Co-Founder Dating 101
We Met On An App
Finding a co-founder might feel urgent. Perhaps you are worried you lack essential skills or might give up if you don’t find someone to hold you accountable. Valid reasons. But it will hurt you so much worse in the long run if you don’t take your time.
After talking to over fifty founders over six months, co-founder conflict was the number one reason companies fail.
Not just your run-of-the-mill throw-everything-off-the-table and storm-out conflict. Company-killing-conflict.
Stories
Three of the four founders decided to stop working but remain employees, so their equity vests. One founder is left running everything on his own, and eventually needs to shut down a growing business because he can’t withstand the pressure.

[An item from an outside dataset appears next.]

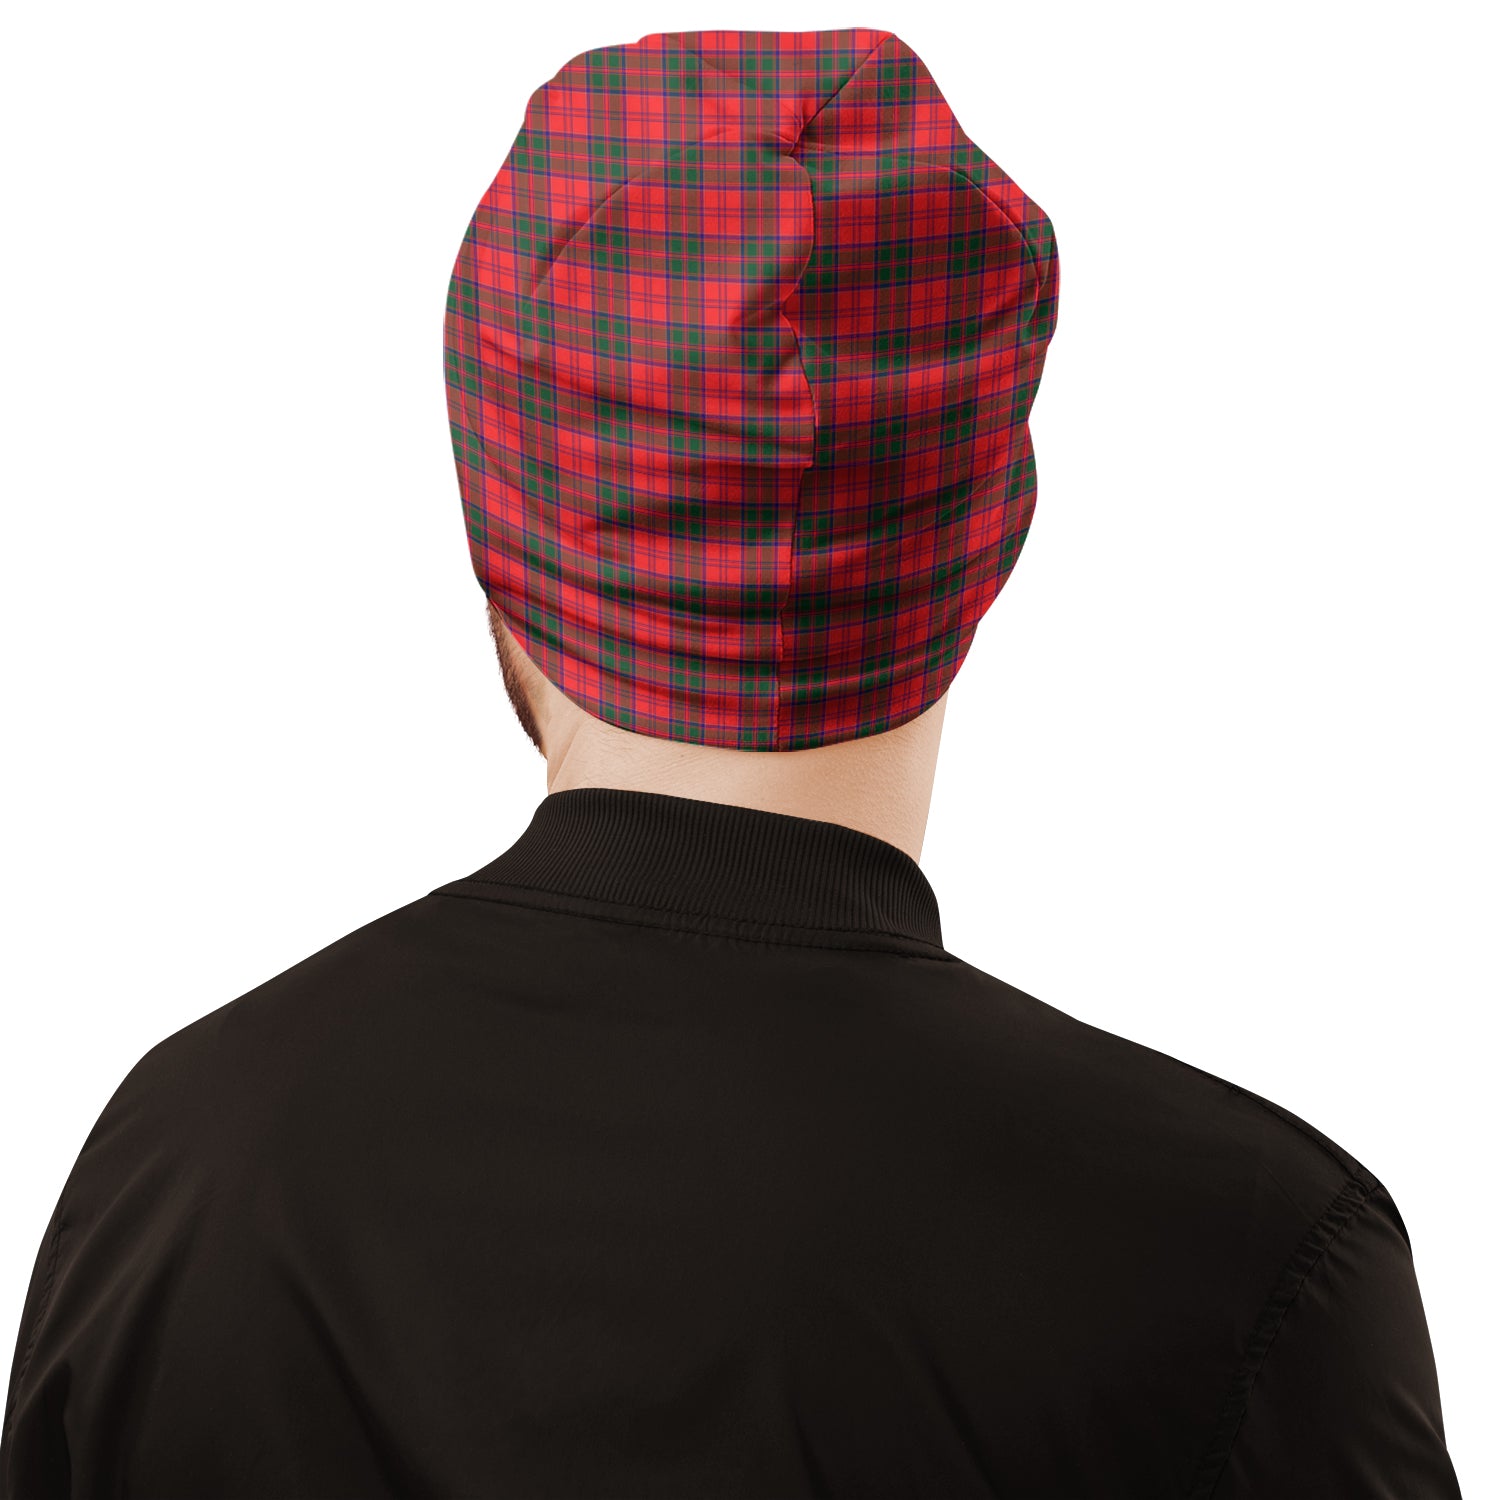 drummond-modern-tartan-beanies-hat-with-family-crest

Unlike his compatriot, one founder is very well-connected but uninterested in finding product-market fit. He thinks he can coast on the opinions of his high-status friends who are board members. Ultimately, the company fails.

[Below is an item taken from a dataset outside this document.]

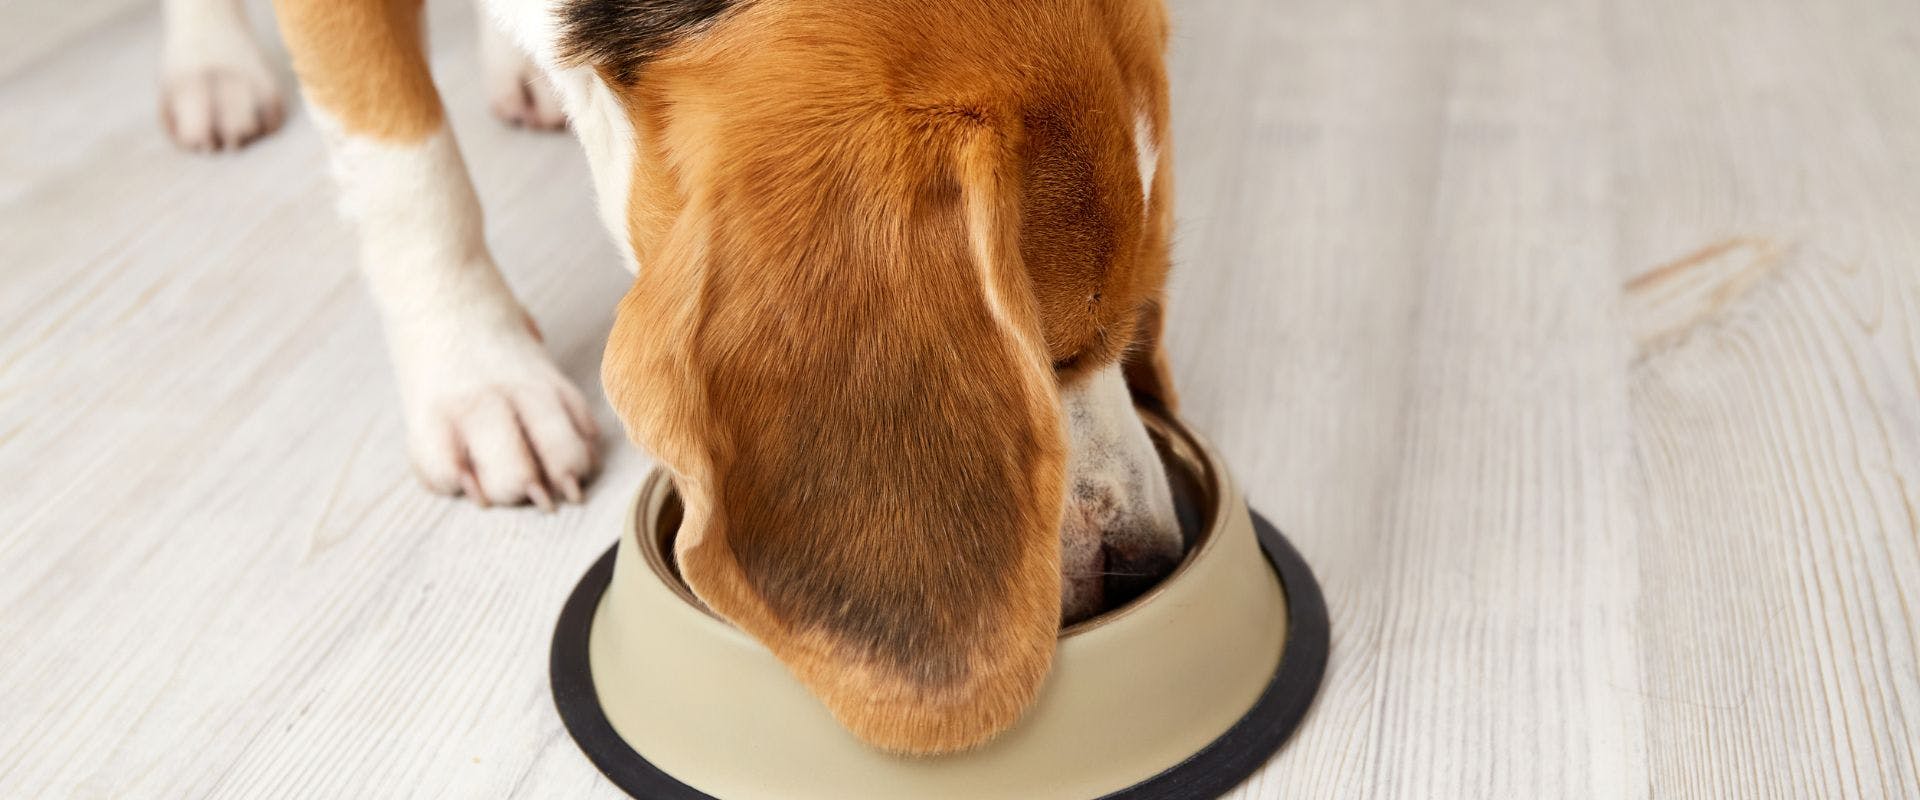 Beagle dog eating from a dog bowl

Out of a team of three co-founders, the CEO is systematically voted against on decisions he feels strongly about, such as releasing the product to validate before it has gone through a million iterations. Ultimately, he leaves, and the company isn’t going anywhere.
Start small. Take your time to get to know them. Put them under a bit of pressure and see how they respond.
Everyone’s on their best behaviour until the gloves come off.